## WHAT NEEDS TO BE DONE
Without the pictures, retype each line below exactly as it stands.

## SOURCE DATA
┄┄┄┄┄┄┄┄┄┄┄┄┄┄┄┄┄┄┄┄
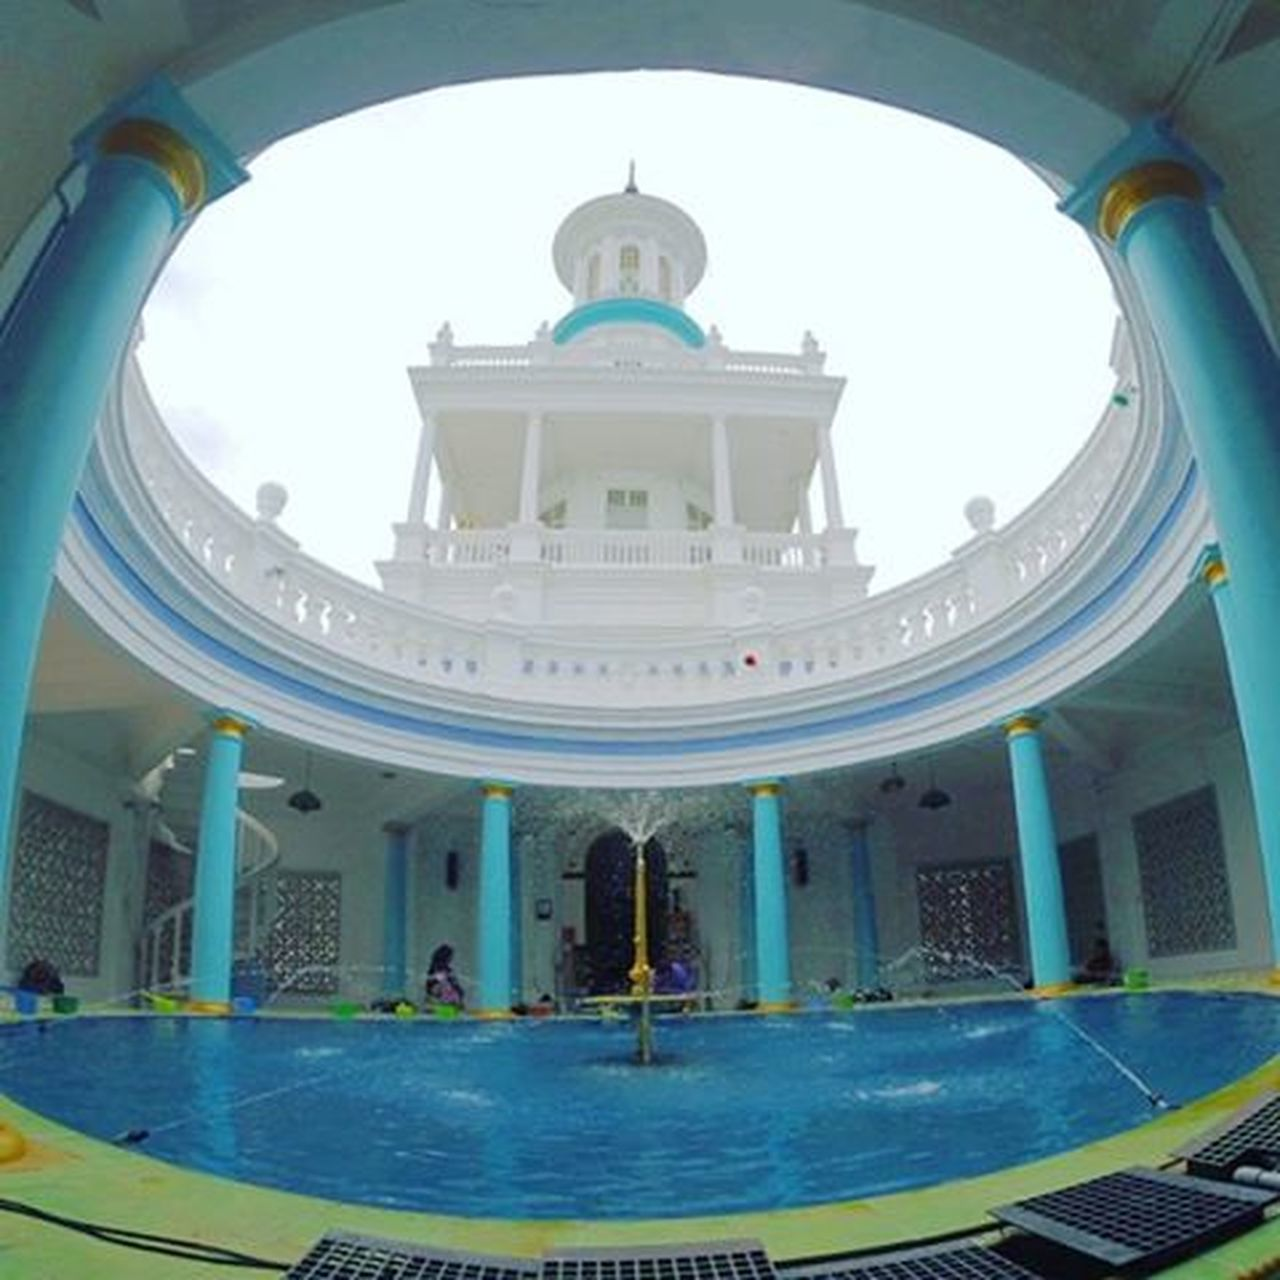 Masjid Sultan Ibrahim Muar Mosque Masjid JJCM Jalanjalancarimasjid Jalanjohorcarimakan Muar Johor Roadtrip Luaskanpandangan Redahjalanlama
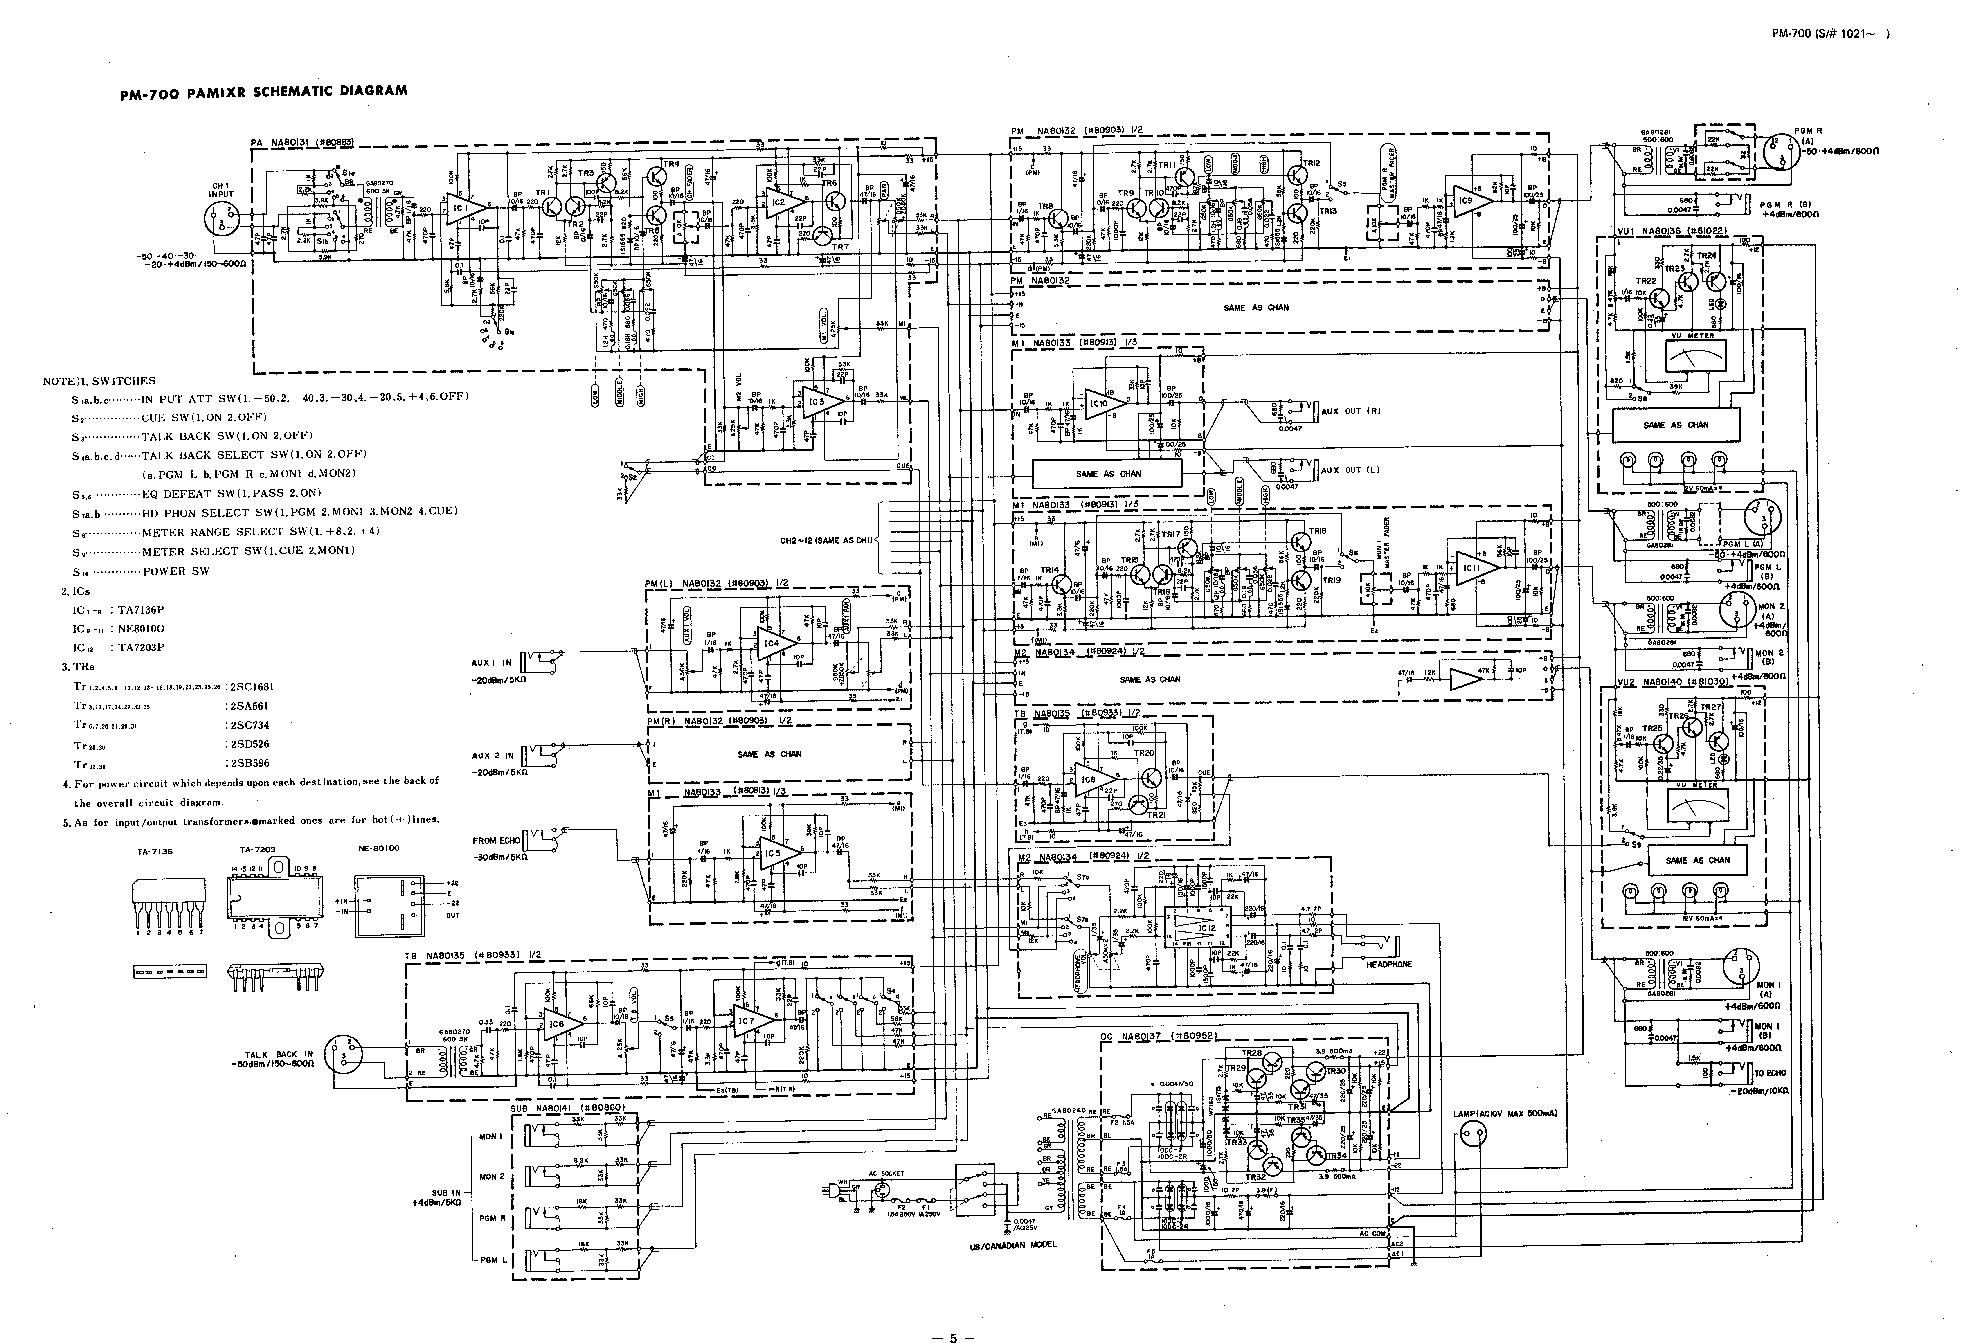 Marvelous Yamaha Pm 700 Audio Mixer Sch Service Manual Download Schematics Wiring Digital Resources Hutpapmognl
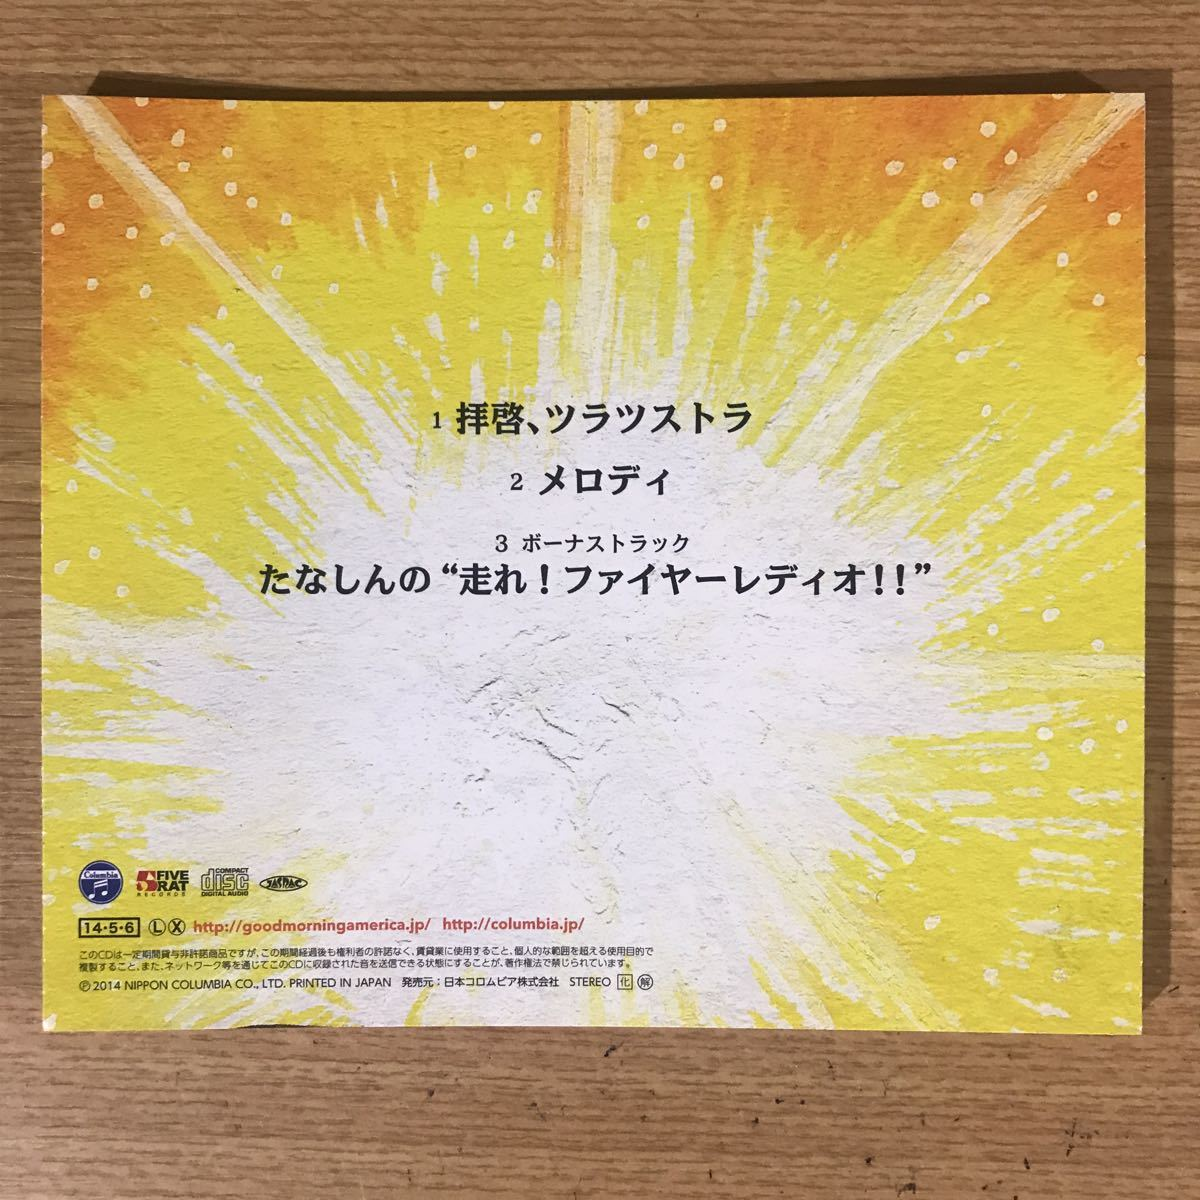 (B85)中古CD100円 グッドモーニングアメリカ 拝啓、ツラツストラ 初回盤B-type(CD)_画像2
┄┄┄┄┄┄┄┄┄┄┄┄┄┄┄┄┄┄┄┄
## REPLY
 Masjid Sultan Ibrahim Muar Mosque Masjid JJCM Jalanjalancarimasjid Jalanjohorcarimakan Muar Johor Roadtrip Luaskanpandangan Redahjalanlama
 Marvelous Yamaha Pm 700 Audio Mixer Sch Service Manual Download Schematics Wiring Digital Resources Hutpapmognl
 (B85)中古CD100円 グッドモーニングアメリカ 拝啓、ツラツストラ 初回盤B-type(CD)_画像2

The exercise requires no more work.